- [Problem statement]: Write the data out again exactly, with every picture removed.

- [Data for this exercise]:
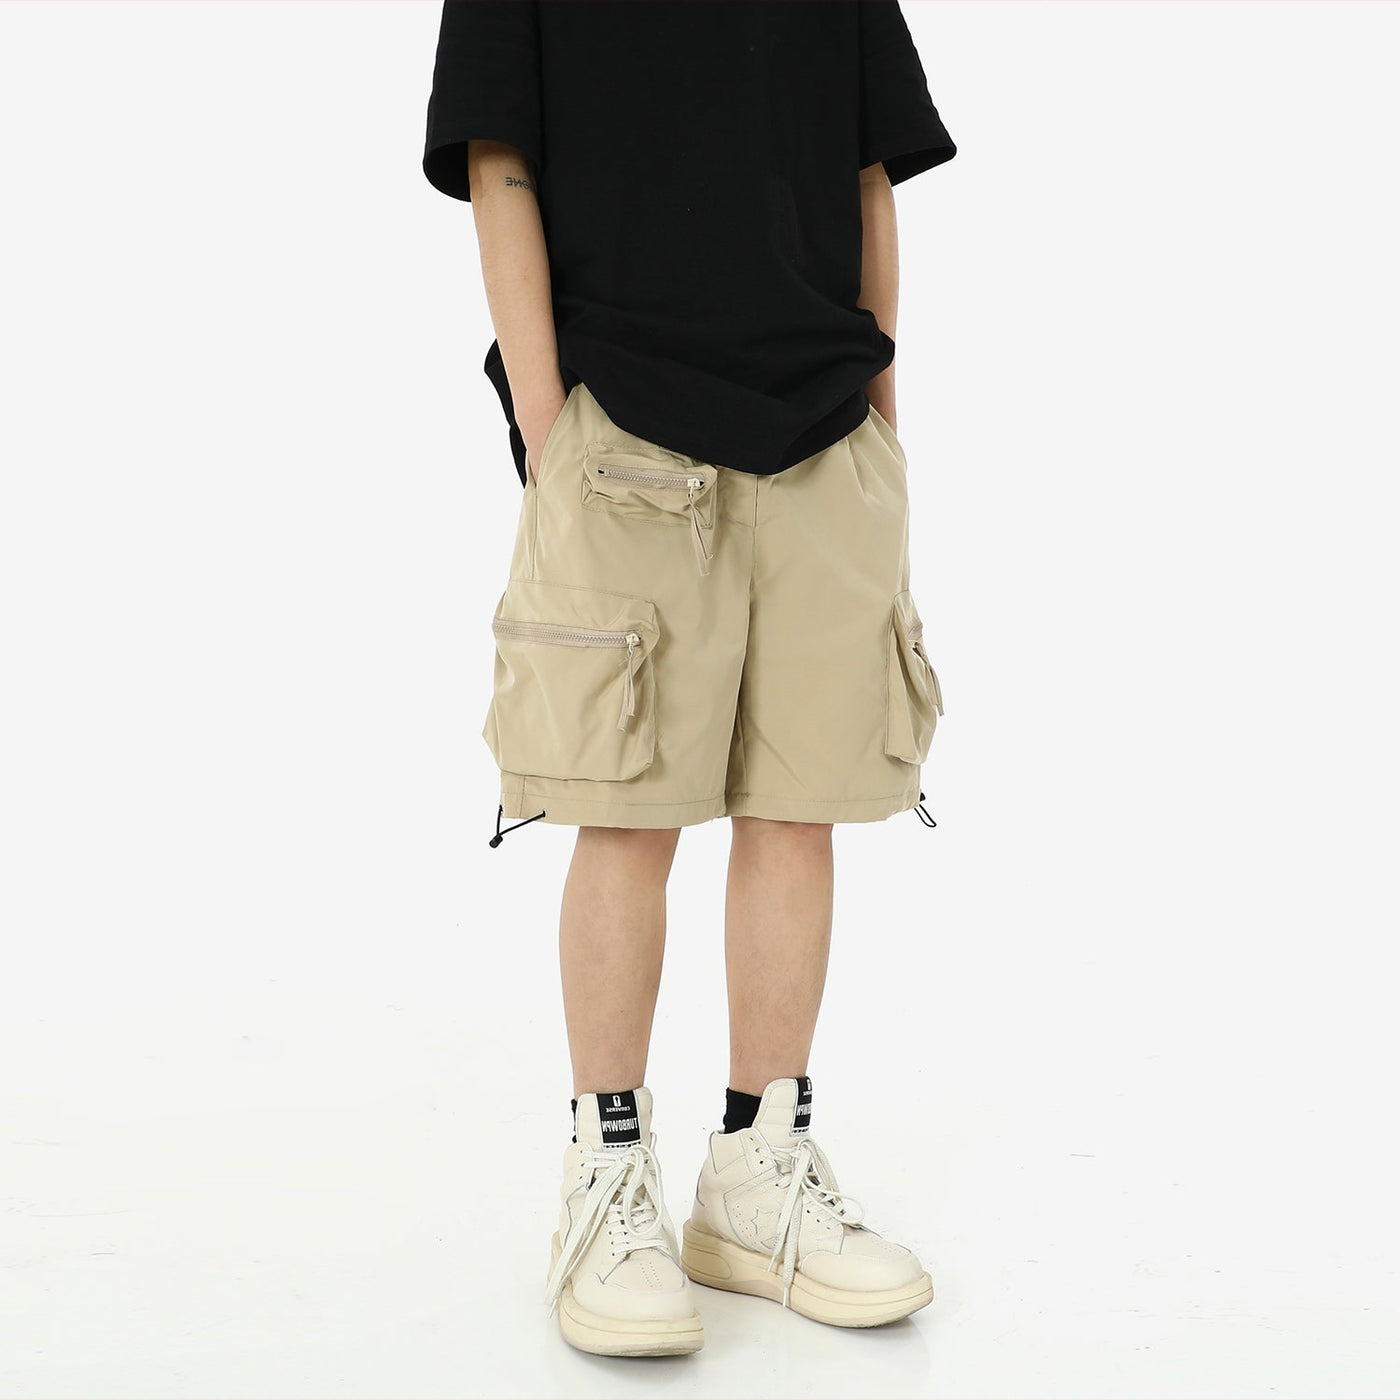 Casual Tie Waist Cargo Shorts Korean Street Fashion Shorts By MEBXX Shop Online at OH Vault
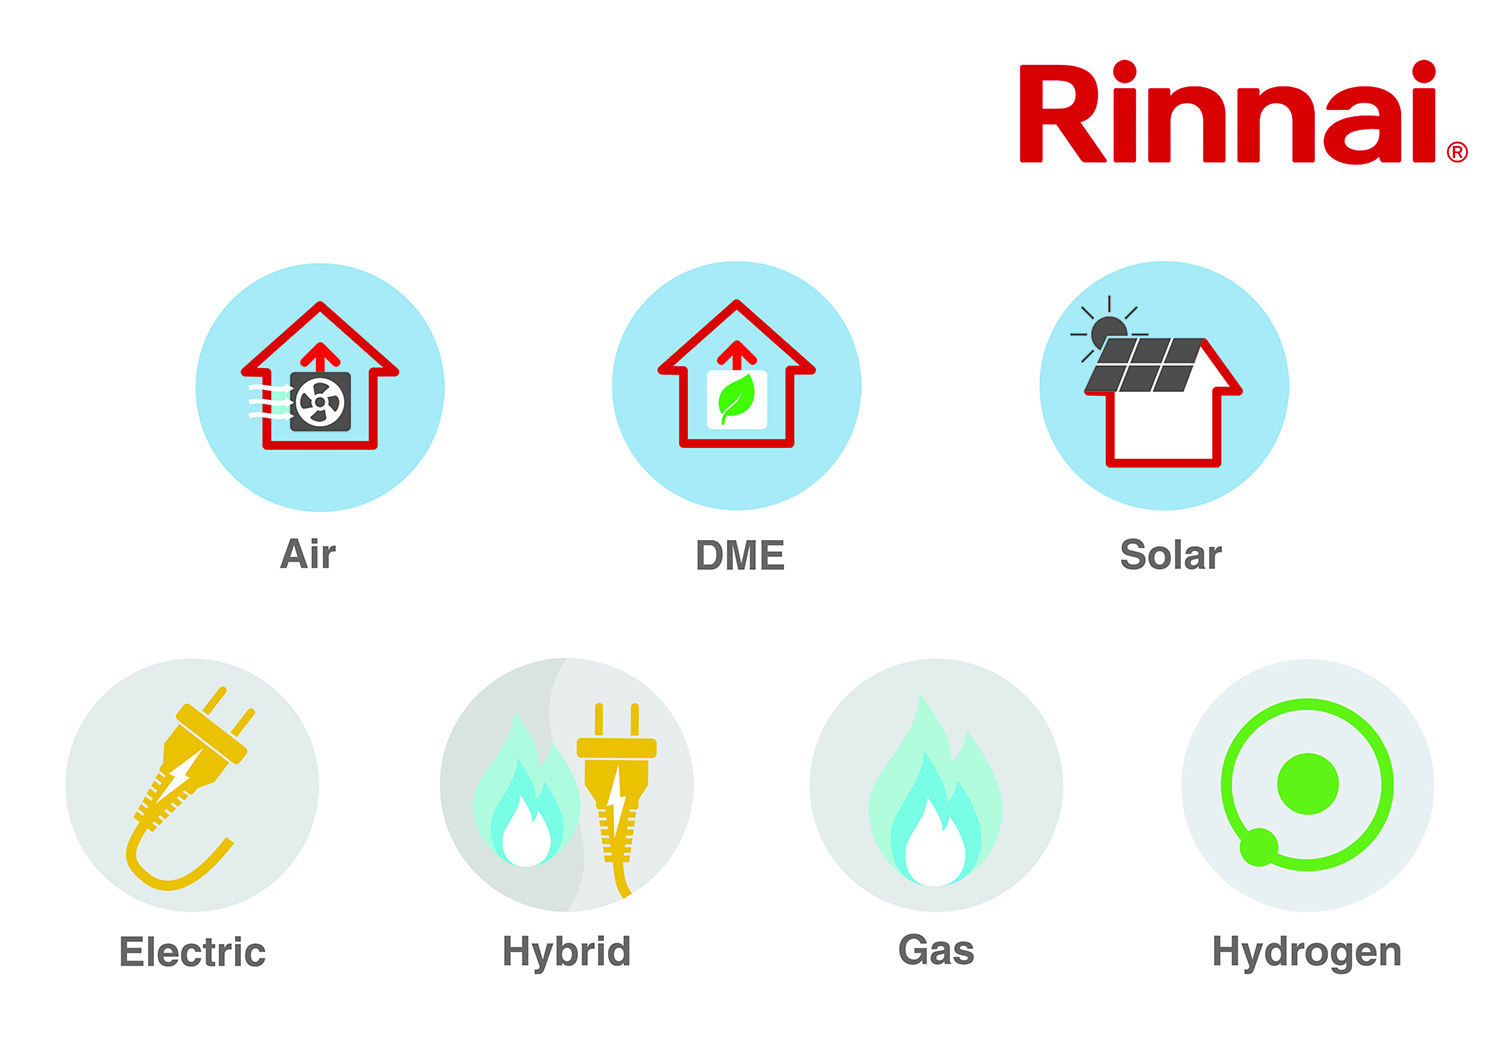 Rinnai Goes Electric On Water Heating Products To Existing Natural Gas, Hydrogen Blends Ready and BioLPG Units
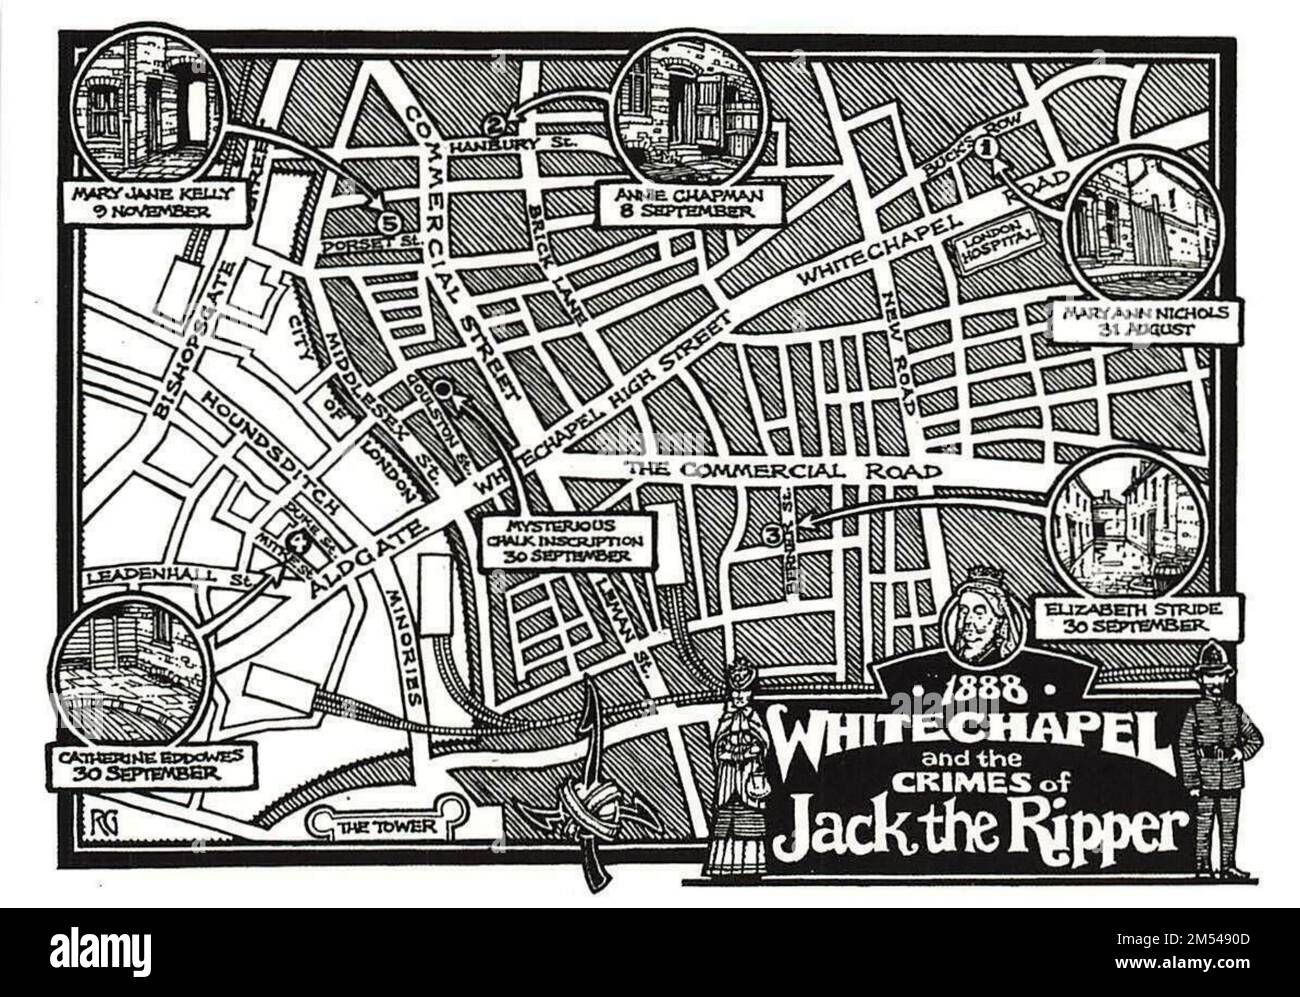 Vintage reproduction of 1888 Whitechapel, London depicting 'Jack the Ripper' crimes location map Stock Photo
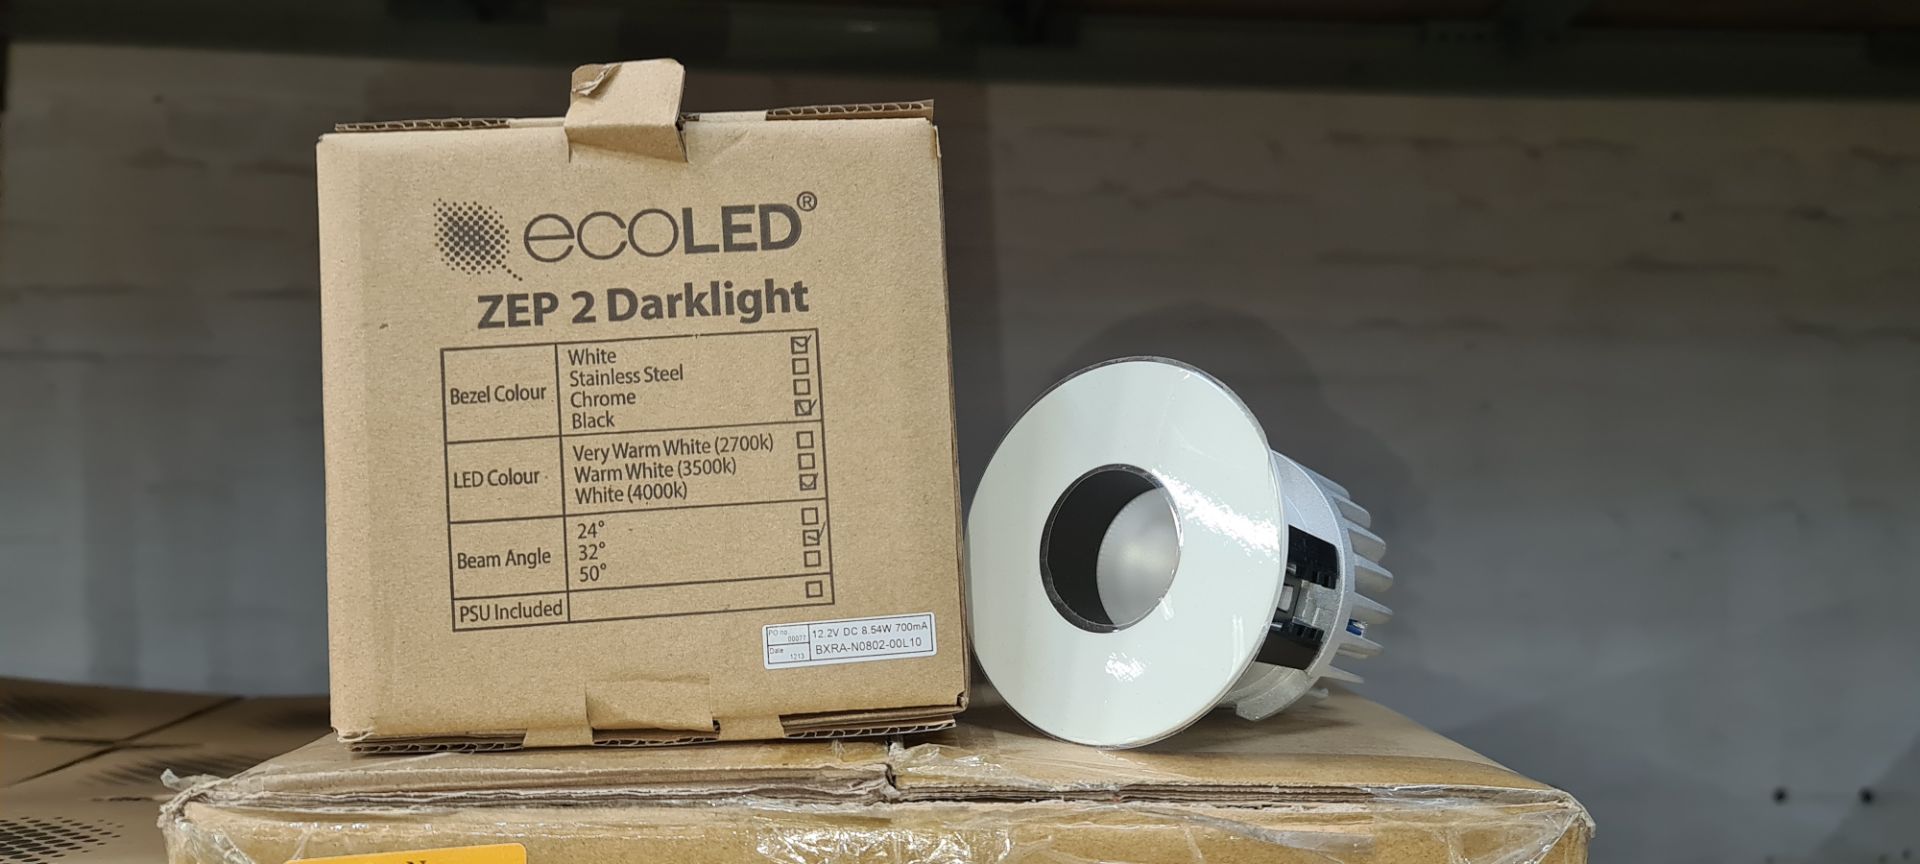 32 off EcoLED ZEP2 Darklight downlights in white with black inner trim. 4000K. Product code Z2D-W-40 - Image 13 of 14
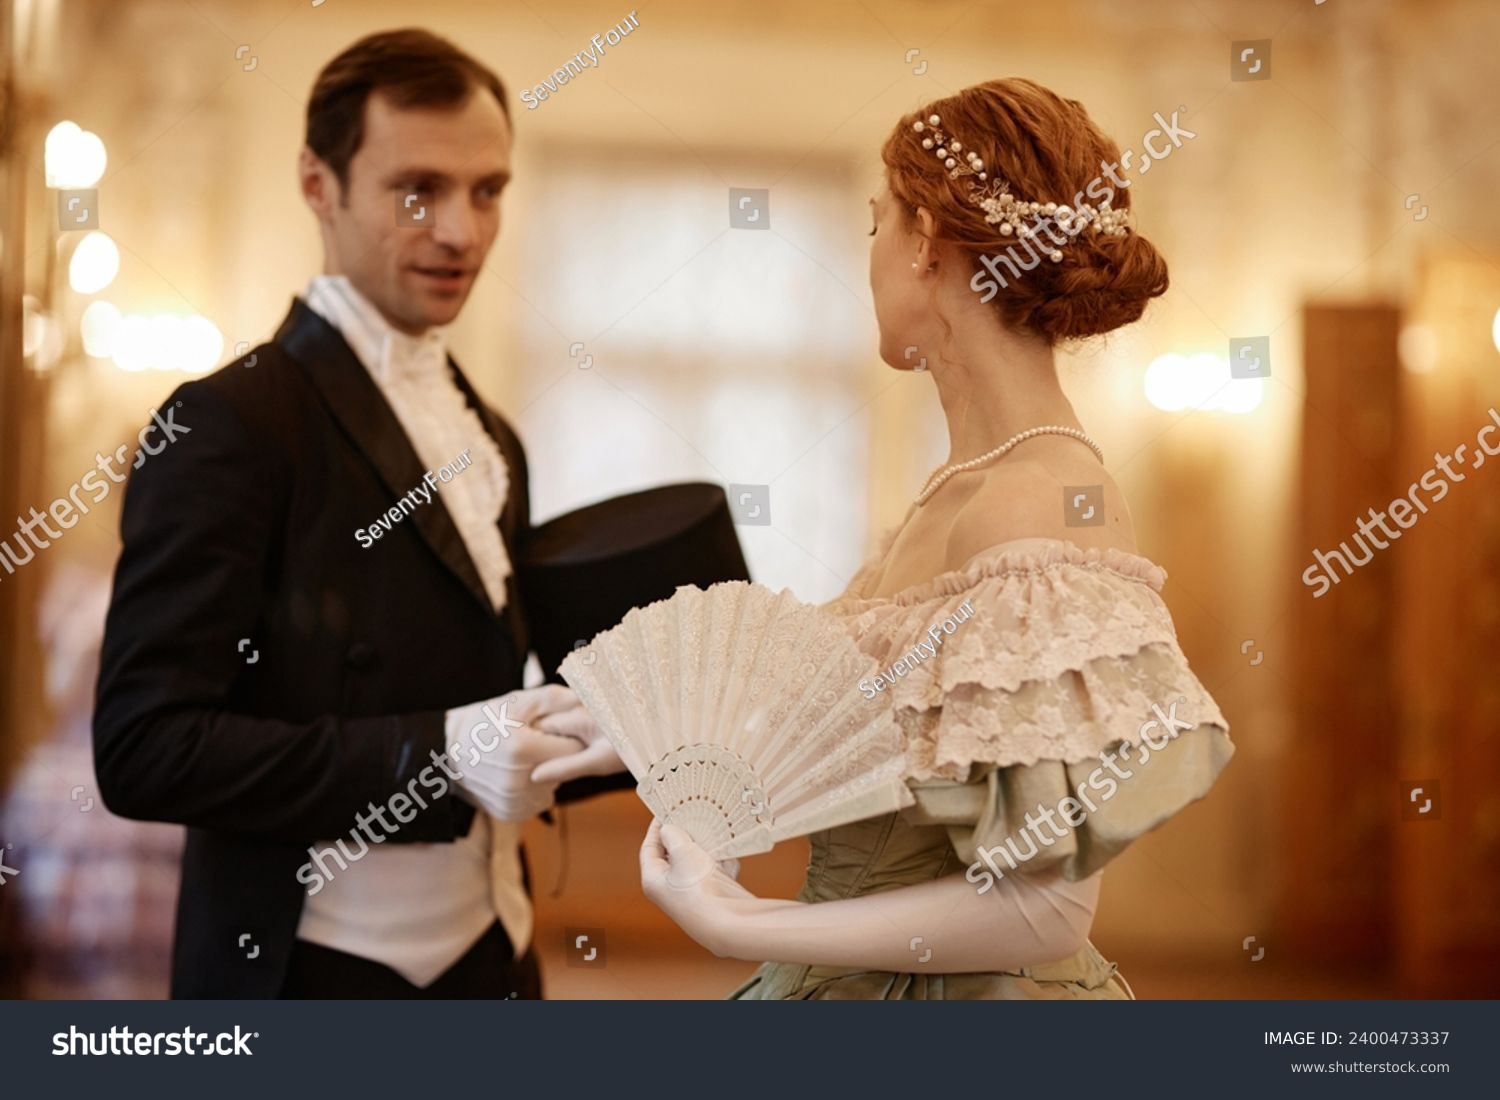 Waist up portrait of elegant couple of lady and gentleman talking in palace hall, copy space #2400473337

- [Result for this task]:
 Casual Tie Waist Cargo Shorts Korean Street Fashion Shorts By MEBXX Shop Online at OH Vault
 Rinnai Goes Electric On Water Heating Products To Existing Natural Gas, Hydrogen Blends Ready and BioLPG Units
 Vintage reproduction of 1888 Whitechapel, London depicting 'Jack the Ripper' crimes location map Stock Photo
 32 off EcoLED ZEP2 Darklight downlights in white with black inner trim. 4000K. Product code Z2D-W-40 - Image 13 of 14
 Waist up portrait of elegant couple of lady and gentleman talking in palace hall, copy space #2400473337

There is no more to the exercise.